5th Governor of Albemarle Sound
- In office 1675–1676
- Preceded by: John Jenkins
- Succeeded by: John Jenkins

Personal details
- Died: January 1678 Jamestown, Virginia
- Spouse: Name unknown (married in 1677)
- Occupation: surveyor general and governor of Albemarle County

= Thomas Eastchurch =

Governor of Albemarie, North Carolina, between 1675 and 1676

Thomas Eastchurch (? - January, 1678) was governor of Albemarle County, North Carolina between 1675 and 1676. During his time in office, he imprisoned the former governor John Jenkins for various offenses. Jenkins was later released from prison with the aid of his supporters and reclaimed his position as governor in the spring of 1676. After Eastchurch explained the situation in London to the Lords Proprietors, they reappointed him as governor. In 1677, he left London to celebrate his honeymoon in Nevis Island. During his absence, his fellow proprietary Thomas Miller acted as governor. Miller's crimes created a revolt and Eastchurch, upon return to Albemarle, was unable to help the government recover. In addition, the Anti-Proprietors' leaders decided to send an army to the northern part of the Albemarle County to prevent the new governor from accessing Albemarle. Although Eastchurch sought aid to invade the county, he never got it. He did not return to the government of Albemarle until after the spring of 1676.

== Biography ==

=== Early years ===
Many details about Eastchurch's childhood are largely unknown. A description provided by Lords Proprietors stated that Eastchurch was raised in a very wealthy family. In October 1669 he worked as surveyor general of Albemarle County (although he aspired to be Governor of Albemarle County). An influential relative of Eastchurch, Thomas Clifford, recommended Eastchurch to the Lords Proprietors for the government of Albemarle.

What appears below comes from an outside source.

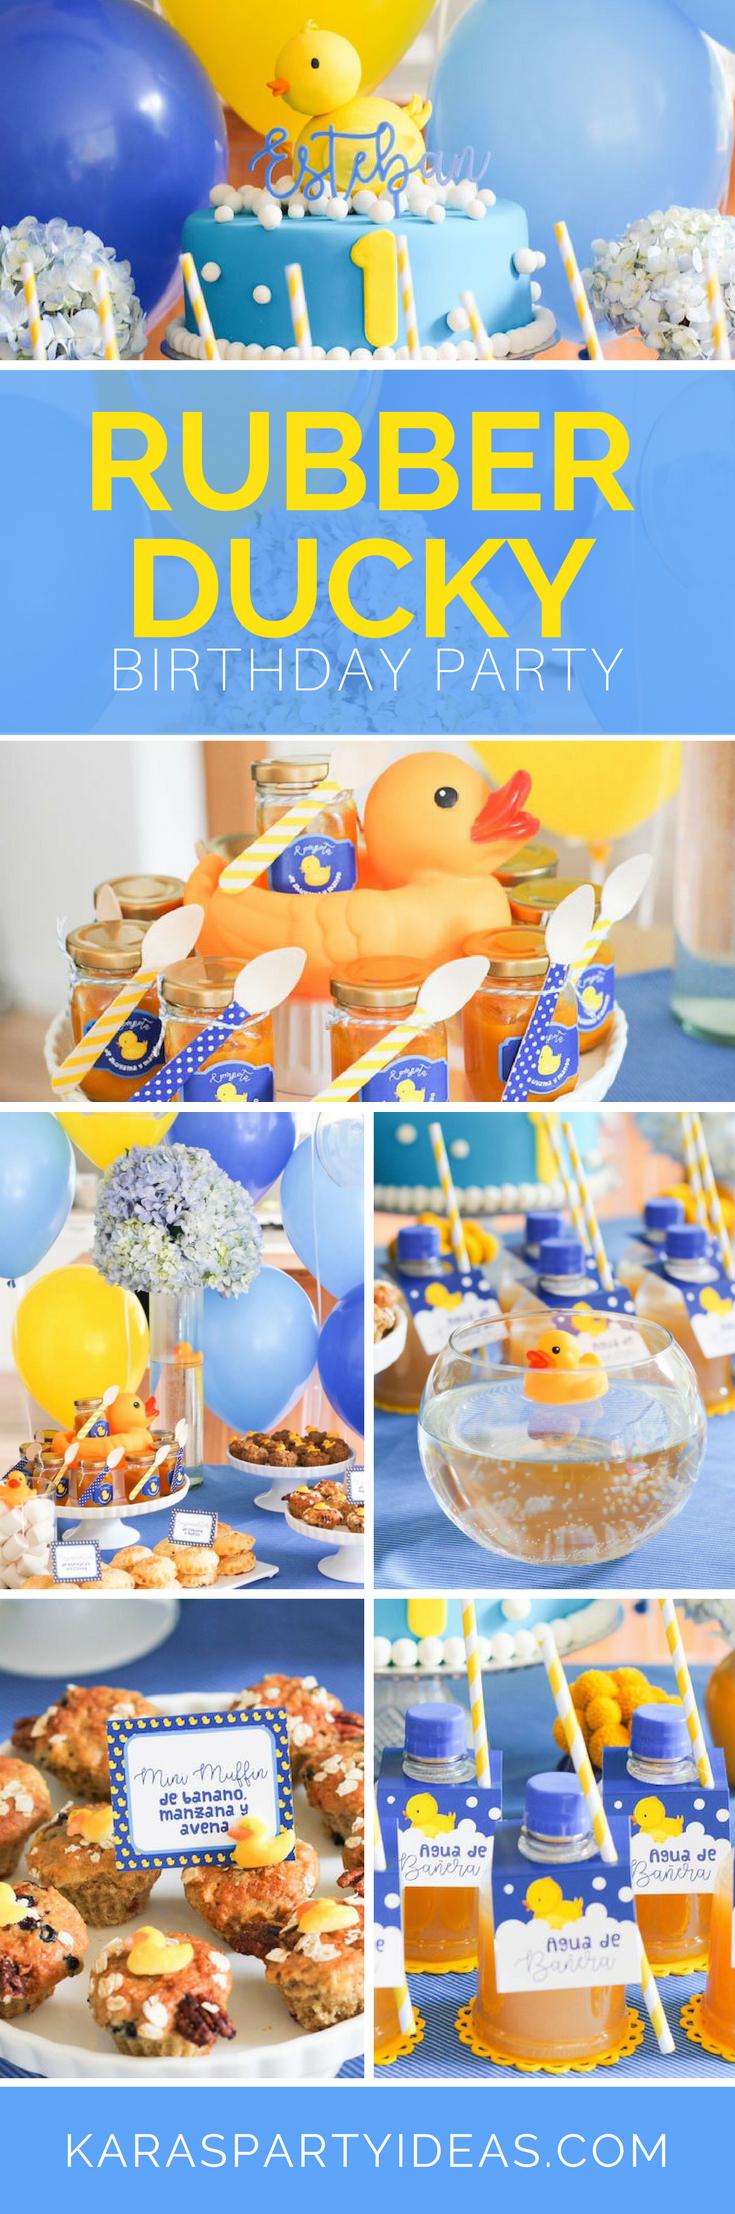 Tea time tea birthday party via kara s party ideas karaspartyideas com - Rubber Ducky Birthday Party Via Kara S Party Ideas Karaspartyideas Com

=== Governor of Albemarle ===
In the September 1675 Albemarle County elections, the faction of Eastchurch was elected to govern the General Assembly of North Carolina. Eastchurch was appointed governor and Speaker of the Assembly. However, he only used this last title, never that of governor. In fall 1675, after beginning his government, Eastchurch imprisoned Jenkins for various offences. However, in the spring of 1676, supporters of Jenkins helped him to get out from prison and return the charge of governor of the region. Eastchurch travelled to London, together to his fellow proprietary Thomas Miller, in order "to appeal to the Lords Proprietors".

Eastchurch's achievement convinced the Lords Proprietors that the problems in Albemarle were caused by the leaders of the anti-proprietary faction. The proprietors decided to appoint Eastchurch as governor of the region, as well as of the rivers Pamplico and News, while Miller become a council member, secretary, and customs collector.

=== Revolt and difficulties to access to government ===
In the summer of 1677, Eastchurch and Miller left London and embarked to Albemarle. However, they stopped temporarily in the Nevis Island, where Eastchurch met and married a rich heiress. Eastchurch decided to go on a honeymoon with her, staying on the island longer. While away, he appointed Miller as Interim Governor and President of the Executive Council of Albemarle. However, after the beginning of his administration in Albemarle, Miller was imprisoned because of crimes he apparently committed in the region and the riots that these crimes instigated.

Although Eastchurch arrived in Virginia in December 1678, he could not occupy the governor's charge of Albemarle because a revolt was developing there. Eastchurch demanded several things: the resignation of the colonists to their guns, release of prisoners from prison, restoration of Miller's government, and the formation of a delegation with the aim to visit Virginia to learn and explain the origin of the revolt.

Eastchurch's demands were rejected, but Eastchurch was able to halt the advancement of the trial against Miller. Anti-Proprietors leaders decided to send an army to the northern part of Albemarle County with the intent of preventing the new governor from entering Albemarle. Eastchurch decided to invade Albemarle County, and wanted to form an army in the Virginia colony. He sought help from Virginia Governor William Berkeley to assemble the troops, but Berkeley refused to accept the invasion and Eastchurch was never able to invade the county. Eastchurch died of fever in January 1678, in Jamestown, Virginia.